Кроме того, автор романа «Процесс» ездил на мотоцикле. С некоторой натяжкой можно сказать, что молодой Кафка был одним из первых европейских байкеров. В середине августа 1907 года 24-летний Франц, находясь на каникулах в Триеше у своего дяди, писал Максу Броду: «Я много катаюсь на мотоцикле, много плаваю, подолгу лежу обнаженным в траве у пруда, до полуночи провожу время в парке с девушкой, которая докучает мне своей влюбленностью, уже перекладывал сено на лугу, соорудил карусель, после грозы помогал вязать снопы, пас коров и коз на лугу, а вечером пригонял их домой, много играл в бильярд, совершал долгие пешие прогулки, пил много пива […]». Кстати, дальше в письме будущий классик модернизма пишет, что в этом городе у него есть на примете еще две симпатичные девушки.

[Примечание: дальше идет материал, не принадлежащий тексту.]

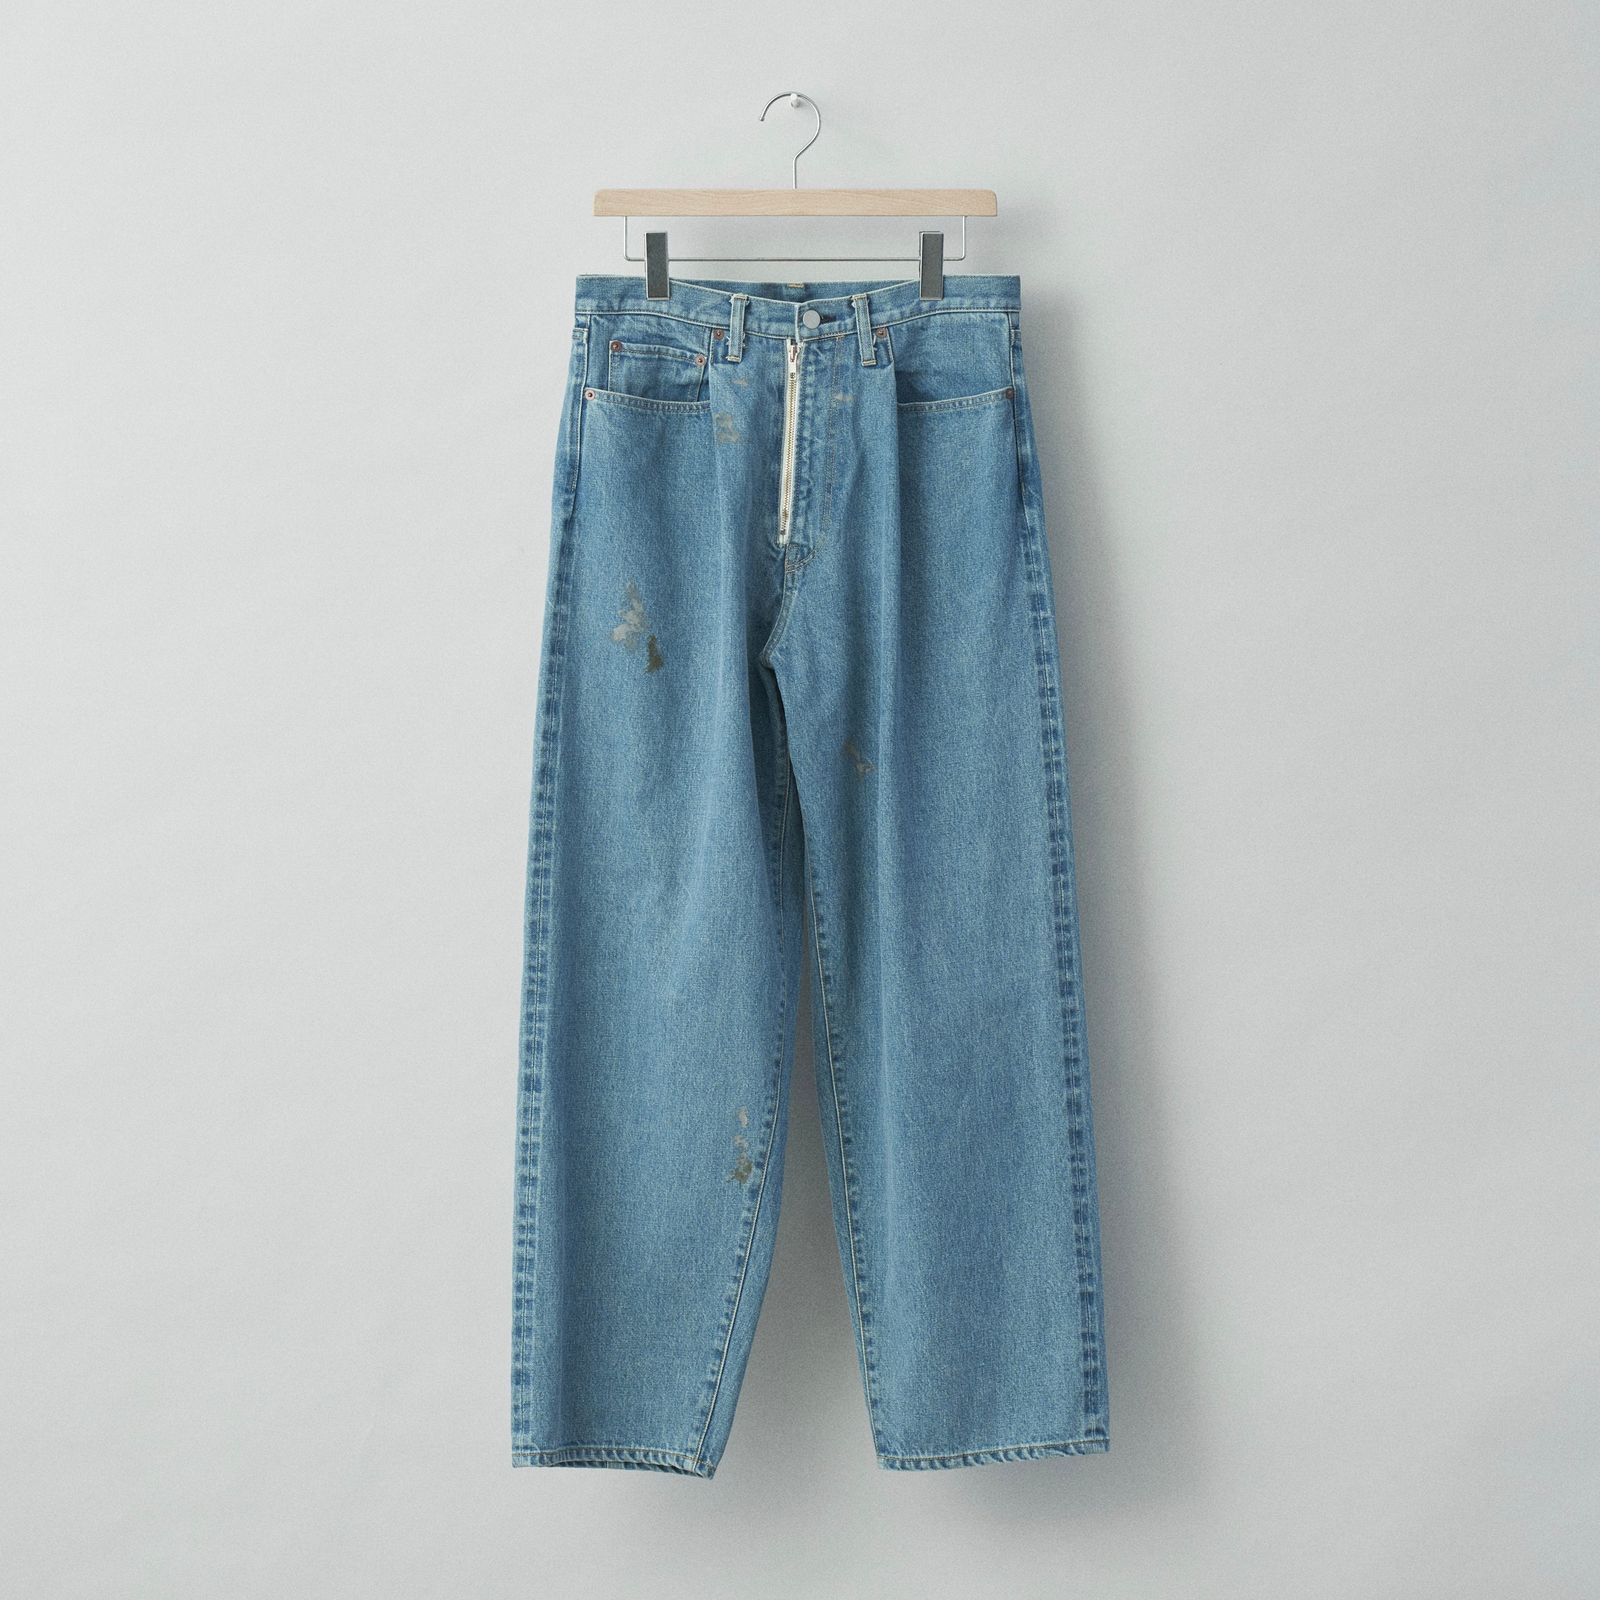 stein - 【残りわずか】5pk Vintage Reproduction Wide Denim Jeans
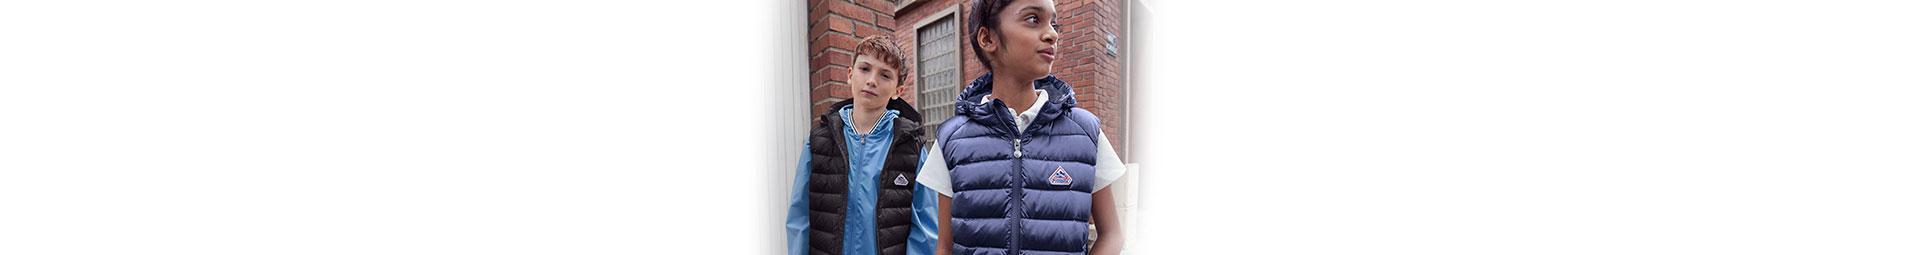 Windbreaker, down jacket, t-shirt and pullover | New Kid collection

Близкие люди Кафки часто вспоминали о его доброте и чуткости. Дора Диамант рассказывала, как однажды во время прогулки по городскому парку Штеглица в Берлине они с Францем увидели плачущую девочку: «Она плакала из-за того, что потеряла куклу. Кафка стал утешать ребенка, но она не хотела утешиться. „Но ведь твоя кукла вовсе не потерялась, – вдруг сказал поэт, – она просто уехала, я ее только что видел и разговаривал с нею. Она мне твердо обещала прислать тебе письмо. Завтра в это время будь здесь, я тебе принесу его“. Тут малышка перестала плакать – и на следующий день Кафка действительно принес письмо, в котором кукла рассказывала о своих дорожных приключениях. С этого началась настоящая кукольная переписка, продолжавшаяся несколько недель и закончившаяся только тогда, когда больному поэту пришлось изменить свое место жительства, отправившись в последнюю поездку: Прага – Вена – Кирлинг. Под конец он не забыл среди всей суматохи столь печального для него переезда послать ребенку куклу, представив ее как старую, потерявшуюся, которая просто от всего пережитого в дальних странах несколько изменила свой облик».

Макс Брод говорил, что благодаря глубине личности Кафка был одним из самых интересных людей, с которыми ему доводилось встречаться. Его главными чертами Брод называл абсолютную правдивость и обостренную совесть «во всех вопросах нравственности, в которых он не терпел ни малейшей несправедливости». Писатель был прекрасным другом, всегда готовым прийти на помощь. Иногда Кафка проявлял нерешительность, когда речь шла о важном жизненном выборе, например, о женитьбе. В то же время он был смелым, сильным и решительным человеком: хорошим наездником, пловцом и гребцом. Брод считал, что в Кафке «не было трусости, но было очень развитое чувство ответственности». Благодаря самоконтролю Кафки окружающие крайне редко могли догадаться о его внутренних проблемах.

Конечно, Франц Кафка не был таким темпераментным жизнелюбом, как, например, Хемингуэй или Маркес, но у него была возможность прожить свою жизнь иначе. Однако постепенно, под гнетом внешних и внутренних обстоятельств Кафка становится таким, каким его часто представляют: ипохондриком и невротиком с гигантским комплексом вины, бессонницей и частыми депрессиями. Этот трагический путь он начнет после окончания университета.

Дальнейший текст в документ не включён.